Output the records in full, exactly as given.

** MATERIAL SHOWN follows **

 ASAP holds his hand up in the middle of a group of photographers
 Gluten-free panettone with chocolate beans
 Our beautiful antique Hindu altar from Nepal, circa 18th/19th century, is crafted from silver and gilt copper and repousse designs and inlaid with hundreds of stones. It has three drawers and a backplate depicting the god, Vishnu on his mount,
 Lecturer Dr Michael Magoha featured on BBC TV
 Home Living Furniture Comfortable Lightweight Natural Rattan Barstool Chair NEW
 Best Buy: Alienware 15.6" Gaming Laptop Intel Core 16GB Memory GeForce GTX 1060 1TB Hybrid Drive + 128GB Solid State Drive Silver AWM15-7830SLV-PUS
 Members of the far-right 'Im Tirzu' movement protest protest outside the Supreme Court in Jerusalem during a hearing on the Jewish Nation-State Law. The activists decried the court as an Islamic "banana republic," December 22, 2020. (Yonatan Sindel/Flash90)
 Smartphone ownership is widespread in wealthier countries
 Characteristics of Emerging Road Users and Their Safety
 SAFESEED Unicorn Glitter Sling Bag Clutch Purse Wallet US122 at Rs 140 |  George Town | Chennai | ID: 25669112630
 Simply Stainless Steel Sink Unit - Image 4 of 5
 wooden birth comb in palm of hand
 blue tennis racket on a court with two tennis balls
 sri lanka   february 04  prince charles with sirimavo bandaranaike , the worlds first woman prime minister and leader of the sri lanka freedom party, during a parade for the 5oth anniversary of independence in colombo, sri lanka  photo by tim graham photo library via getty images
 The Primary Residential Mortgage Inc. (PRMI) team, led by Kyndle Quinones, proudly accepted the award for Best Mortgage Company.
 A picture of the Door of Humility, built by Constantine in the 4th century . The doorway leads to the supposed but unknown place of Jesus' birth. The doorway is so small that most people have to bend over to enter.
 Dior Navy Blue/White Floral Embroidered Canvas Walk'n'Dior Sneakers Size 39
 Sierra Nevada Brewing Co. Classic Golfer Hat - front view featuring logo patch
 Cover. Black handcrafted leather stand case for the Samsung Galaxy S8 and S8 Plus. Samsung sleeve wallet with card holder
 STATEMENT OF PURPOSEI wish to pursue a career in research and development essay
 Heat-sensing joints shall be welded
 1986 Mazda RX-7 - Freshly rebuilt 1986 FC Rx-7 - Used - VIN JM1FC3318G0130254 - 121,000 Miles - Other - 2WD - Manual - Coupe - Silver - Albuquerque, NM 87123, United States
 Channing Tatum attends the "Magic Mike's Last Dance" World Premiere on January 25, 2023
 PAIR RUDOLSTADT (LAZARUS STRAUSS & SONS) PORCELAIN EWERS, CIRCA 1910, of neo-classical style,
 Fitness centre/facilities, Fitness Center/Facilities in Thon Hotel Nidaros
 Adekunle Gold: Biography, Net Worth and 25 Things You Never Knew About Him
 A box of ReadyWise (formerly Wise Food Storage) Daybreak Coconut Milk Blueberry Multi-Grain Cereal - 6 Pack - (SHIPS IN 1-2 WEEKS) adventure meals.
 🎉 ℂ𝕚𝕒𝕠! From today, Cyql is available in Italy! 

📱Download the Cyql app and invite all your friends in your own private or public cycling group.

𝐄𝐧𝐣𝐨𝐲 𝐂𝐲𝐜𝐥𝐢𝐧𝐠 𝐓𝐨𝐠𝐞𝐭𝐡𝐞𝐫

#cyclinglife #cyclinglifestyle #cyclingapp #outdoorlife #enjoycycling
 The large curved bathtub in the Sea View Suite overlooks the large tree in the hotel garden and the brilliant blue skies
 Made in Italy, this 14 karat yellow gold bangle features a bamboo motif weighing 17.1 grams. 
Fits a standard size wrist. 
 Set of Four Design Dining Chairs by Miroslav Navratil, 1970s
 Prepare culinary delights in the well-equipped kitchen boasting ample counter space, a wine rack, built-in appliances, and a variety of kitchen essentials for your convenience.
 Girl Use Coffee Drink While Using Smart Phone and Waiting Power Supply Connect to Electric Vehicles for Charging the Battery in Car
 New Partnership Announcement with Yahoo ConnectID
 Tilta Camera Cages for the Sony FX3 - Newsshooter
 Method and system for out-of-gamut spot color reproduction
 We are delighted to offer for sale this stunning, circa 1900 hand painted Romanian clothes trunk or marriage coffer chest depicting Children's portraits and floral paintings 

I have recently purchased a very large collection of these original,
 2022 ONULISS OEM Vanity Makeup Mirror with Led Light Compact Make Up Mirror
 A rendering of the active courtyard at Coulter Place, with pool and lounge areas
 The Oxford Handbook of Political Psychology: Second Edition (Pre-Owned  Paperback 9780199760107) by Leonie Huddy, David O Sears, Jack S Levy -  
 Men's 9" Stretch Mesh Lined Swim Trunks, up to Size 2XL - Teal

** End of MATERIAL SHOWN **

→ RESULT FOR THIS TASK:
 ASAP holds his hand up in the middle of a group of photographers
 Gluten-free panettone with chocolate beans
 Our beautiful antique Hindu altar from Nepal, circa 18th/19th century, is crafted from silver and gilt copper and repousse designs and inlaid with hundreds of stones. It has three drawers and a backplate depicting the god, Vishnu on his mount,
 Lecturer Dr Michael Magoha featured on BBC TV
 Home Living Furniture Comfortable Lightweight Natural Rattan Barstool Chair NEW
 Best Buy: Alienware 15.6" Gaming Laptop Intel Core 16GB Memory GeForce GTX 1060 1TB Hybrid Drive + 128GB Solid State Drive Silver AWM15-7830SLV-PUS
 Members of the far-right 'Im Tirzu' movement protest protest outside the Supreme Court in Jerusalem during a hearing on the Jewish Nation-State Law. The activists decried the court as an Islamic "banana republic," December 22, 2020. (Yonatan Sindel/Flash90)
 Smartphone ownership is widespread in wealthier countries
 Characteristics of Emerging Road Users and Their Safety
 SAFESEED Unicorn Glitter Sling Bag Clutch Purse Wallet US122 at Rs 140 |  George Town | Chennai | ID: 25669112630
 Simply Stainless Steel Sink Unit - Image 4 of 5
 wooden birth comb in palm of hand
 blue tennis racket on a court with two tennis balls
 sri lanka   february 04  prince charles with sirimavo bandaranaike , the worlds first woman prime minister and leader of the sri lanka freedom party, during a parade for the 5oth anniversary of independence in colombo, sri lanka  photo by tim graham photo library via getty images
 The Primary Residential Mortgage Inc. (PRMI) team, led by Kyndle Quinones, proudly accepted the award for Best Mortgage Company.
 A picture of the Door of Humility, built by Constantine in the 4th century . The doorway leads to the supposed but unknown place of Jesus' birth. The doorway is so small that most people have to bend over to enter.
 Dior Navy Blue/White Floral Embroidered Canvas Walk'n'Dior Sneakers Size 39
 Sierra Nevada Brewing Co. Classic Golfer Hat - front view featuring logo patch
 Cover. Black handcrafted leather stand case for the Samsung Galaxy S8 and S8 Plus. Samsung sleeve wallet with card holder
 STATEMENT OF PURPOSEI wish to pursue a career in research and development essay
 Heat-sensing joints shall be welded
 1986 Mazda RX-7 - Freshly rebuilt 1986 FC Rx-7 - Used - VIN JM1FC3318G0130254 - 121,000 Miles - Other - 2WD - Manual - Coupe - Silver - Albuquerque, NM 87123, United States
 Channing Tatum attends the "Magic Mike's Last Dance" World Premiere on January 25, 2023
 PAIR RUDOLSTADT (LAZARUS STRAUSS & SONS) PORCELAIN EWERS, CIRCA 1910, of neo-classical style,
 Fitness centre/facilities, Fitness Center/Facilities in Thon Hotel Nidaros
 Adekunle Gold: Biography, Net Worth and 25 Things You Never Knew About Him
 A box of ReadyWise (formerly Wise Food Storage) Daybreak Coconut Milk Blueberry Multi-Grain Cereal - 6 Pack - (SHIPS IN 1-2 WEEKS) adventure meals.
 🎉 ℂ𝕚𝕒𝕠! From today, Cyql is available in Italy! 

📱Download the Cyql app and invite all your friends in your own private or public cycling group.

𝐄𝐧𝐣𝐨𝐲 𝐂𝐲𝐜𝐥𝐢𝐧𝐠 𝐓𝐨𝐠𝐞𝐭𝐡𝐞𝐫

#cyclinglife #cyclinglifestyle #cyclingapp #outdoorlife #enjoycycling
 The large curved bathtub in the Sea View Suite overlooks the large tree in the hotel garden and the brilliant blue skies
 Made in Italy, this 14 karat yellow gold bangle features a bamboo motif weighing 17.1 grams. 
Fits a standard size wrist. 
 Set of Four Design Dining Chairs by Miroslav Navratil, 1970s
 Prepare culinary delights in the well-equipped kitchen boasting ample counter space, a wine rack, built-in appliances, and a variety of kitchen essentials for your convenience.
 Girl Use Coffee Drink While Using Smart Phone and Waiting Power Supply Connect to Electric Vehicles for Charging the Battery in Car
 New Partnership Announcement with Yahoo ConnectID
 Tilta Camera Cages for the Sony FX3 - Newsshooter
 Method and system for out-of-gamut spot color reproduction
 We are delighted to offer for sale this stunning, circa 1900 hand painted Romanian clothes trunk or marriage coffer chest depicting Children's portraits and floral paintings 

I have recently purchased a very large collection of these original,
 2022 ONULISS OEM Vanity Makeup Mirror with Led Light Compact Make Up Mirror
 A rendering of the active courtyard at Coulter Place, with pool and lounge areas
 The Oxford Handbook of Political Psychology: Second Edition (Pre-Owned  Paperback 9780199760107) by Leonie Huddy, David O Sears, Jack S Levy -  
 Men's 9" Stretch Mesh Lined Swim Trunks, up to Size 2XL - Teal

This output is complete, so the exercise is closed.